[[ Records to process open ]]

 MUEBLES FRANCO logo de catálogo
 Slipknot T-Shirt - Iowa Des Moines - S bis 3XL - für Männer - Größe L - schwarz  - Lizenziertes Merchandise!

[[ Records to process closed ]]
[[ Records to process open ]]

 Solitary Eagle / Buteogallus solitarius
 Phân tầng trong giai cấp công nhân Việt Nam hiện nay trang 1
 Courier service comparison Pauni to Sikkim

[[ Records to process closed ]]

Work to be completed
From the listing above, the lines starting with the one that has "MUEBLES FRANCO logo de catálogo" and running through the one that has "Slipknot T-Shirt - Iowa" should be copied exactly, ends included.

Response box
 MUEBLES FRANCO logo de catálogo
 Slipknot T-Shirt - Iowa Des Moines - S bis 3XL - für Männer - Größe L - schwarz  - Lizenziertes Merchandise!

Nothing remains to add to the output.